My daughter turned 3 on Tuesday. I’ve spent the past 4 weeks or so planning a birthday party I didn’t plan on having. We’d anticipated one of three scenarios for her birthday: a miserably pregnant & immobile mother in the June heat, hospitalization at 30 weeks, or babies in the NICU that would require our attention. All 3 things wouldn’t allow much of a party for our toddler…but we rationalized this problem by thinking she wouldn’t remember this birthday anyway.
Obviously none of these scenarios is what ended up happening so instead I planned a party. A party with all her cousins from Oklahoma and her best friends from school and all the fun things she wanted. I spoiled her with ice cream and/or chocolate milk all weekend and bought her the toy from Target she doesn’t need but I thought was cute. I made the only thing she actually asked for on her birthday, a “pink fishy cake” and soaked up all the love and fun a three-year-old birthday party has to offer!
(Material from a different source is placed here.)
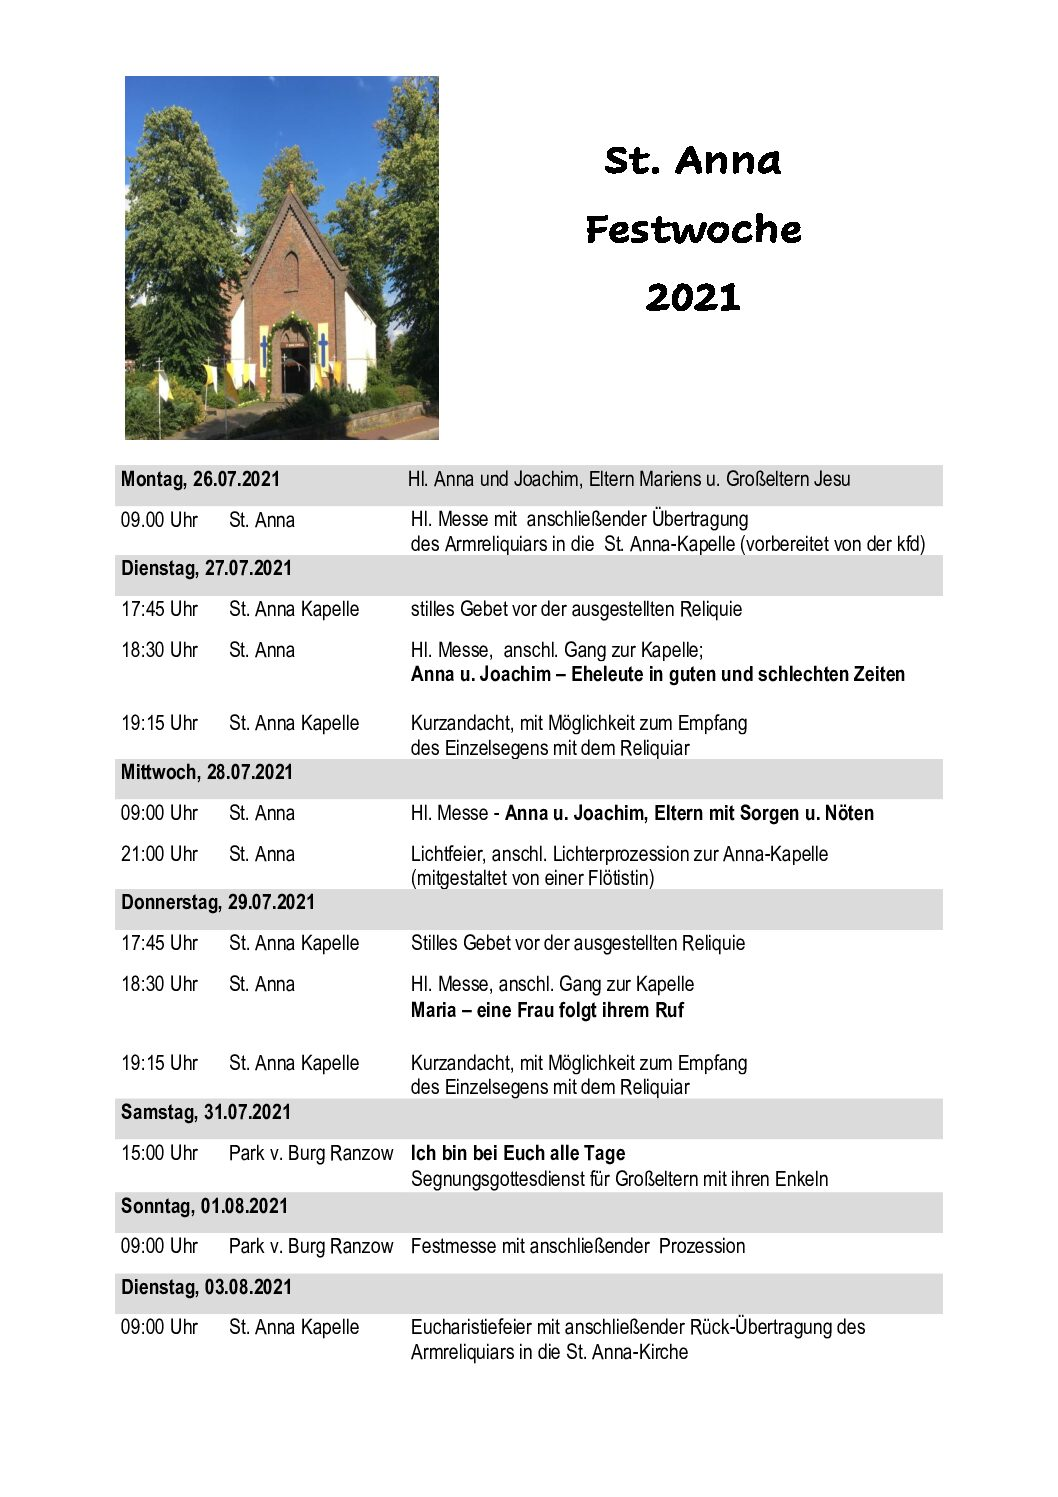 St. Anna-Fest 2021
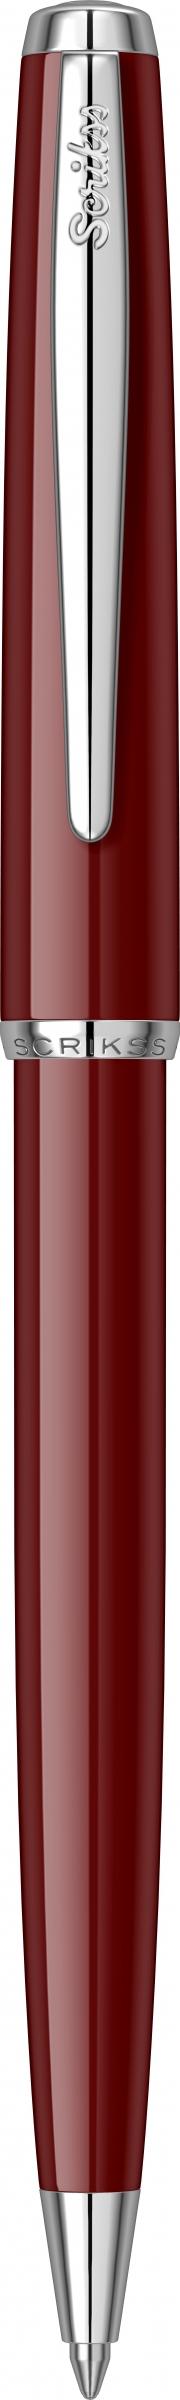 Burgundy CT

My daughter Campbell is the greatest gift I could ever imagine. She is keeping us afloat with her adorable thoughts, frustrating tantrums and loving hugs and kisses. The past 3 years with this girl have flown by and I’m so grateful for every second with her…but will still allow myself to complain when she’s full-blown screaming on the floor because SHE wanted to flush the toilet. I’m proud of her for taking care of me (the girl literally held my hair back when I was vomiting from morning sickness) and for being such an amazing big sister. I’ll always be sad she won’t get to hold Holly & Madeline but I’m hopeful for a time she’ll get to enjoy all the fun of being a big sister, if a little later than planned. She won’t remember this time or get much credit for her role in our healing but I’ll never forget. She made me a mommy for the first time and she continues to challenge and surprise me every day. I can’t wait to see what she does this next year and what she’ll bring to our family. Happy birthday my sweet Campbell!!